Fellow Dexter Shareholders:

         With only days to go until Dexter's July 14th Annual Meeting, this is
your last opportunity to vote the Gold Proxy card and elect ISP's nominees. By
stipulation entered in the Connecticut federal court, Dexter is barred from
postponing the meeting a third time without prior court approval.

         With an investment in Dexter and Life Technologies currently valued at
almost $300 million, ISP is highly motivated to maximize shareholder value now.
As Dexter's largest shareholder, we believe that our interests are aligned with
yours.
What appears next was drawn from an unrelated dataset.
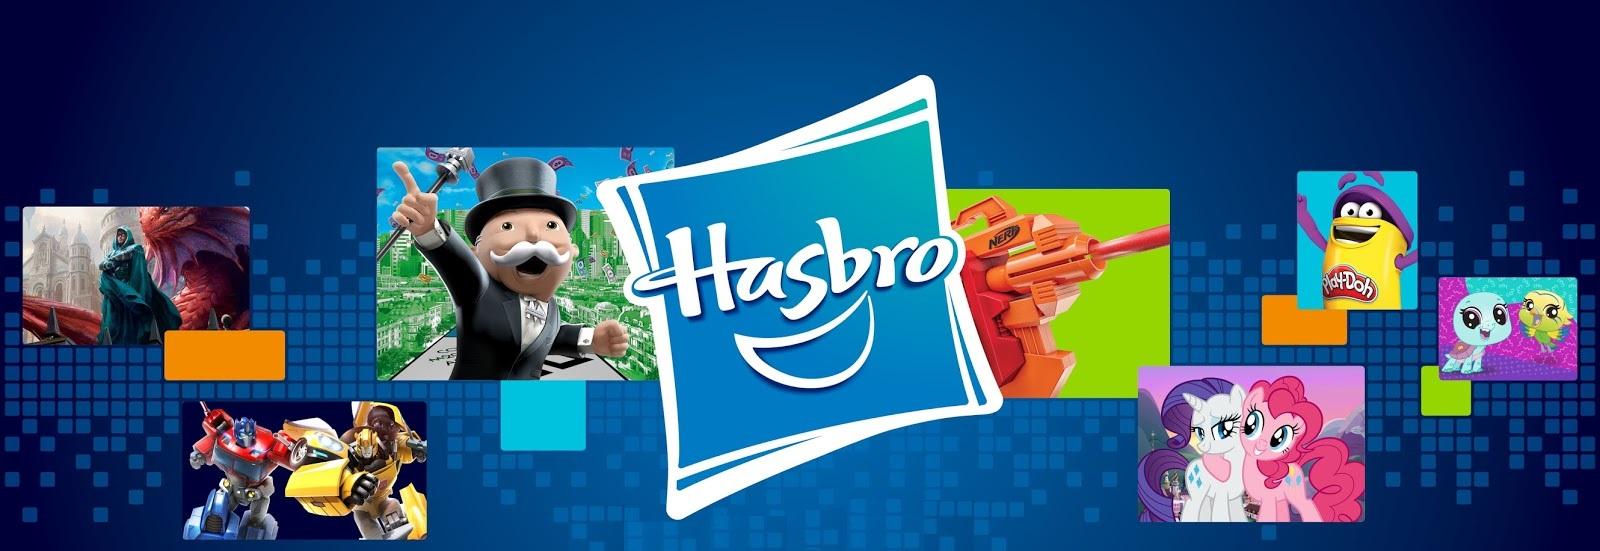 Hasbro Monopoly For Millennials Board Game | Buy Online | Ubuy Kuwait

We are committed to realizing shareholder value - whether through ISP's
$45 all cash tender offer or an alternative course of action that would offer
Dexter shareholders superior value.

         You should know that ISP's nominees (with the exception of the
undersigned who will be ineligible to vote on any Dexter merger proposal) are
completely independent, as required by Connecticut law, and have no business or
other relationship with ISP. They include the Dean of Yale Law School and other
recognized business and professional leaders who will have a fiduciary duty as
Dexter directors to maximize the value of your shares.

         By electing ISP's nominees, you can assure yourself of Board members
who will seek to provide Dexter shareholders with at least $45 per share in cash
now. The door remains open to any superior alternative. We urge you to compare
ISP's program with Mr. Walker's piecemeal liquidation approach.

                   MR. WALKER BACKS AWAY FROM EARLIER PROMISES
                   CONCERNING A LIFE TECHNOLOGIES TRANSACTION

         Despite Mr. Walker's puffing over the last six months about the
"progress" of his value maximization program and his repeated optimistic
prognostications about a Life Technologies transaction, he has now retreated to
a position which ISP believes can best be paraphrased as "While we have not
produced, trust us because at least we are trying."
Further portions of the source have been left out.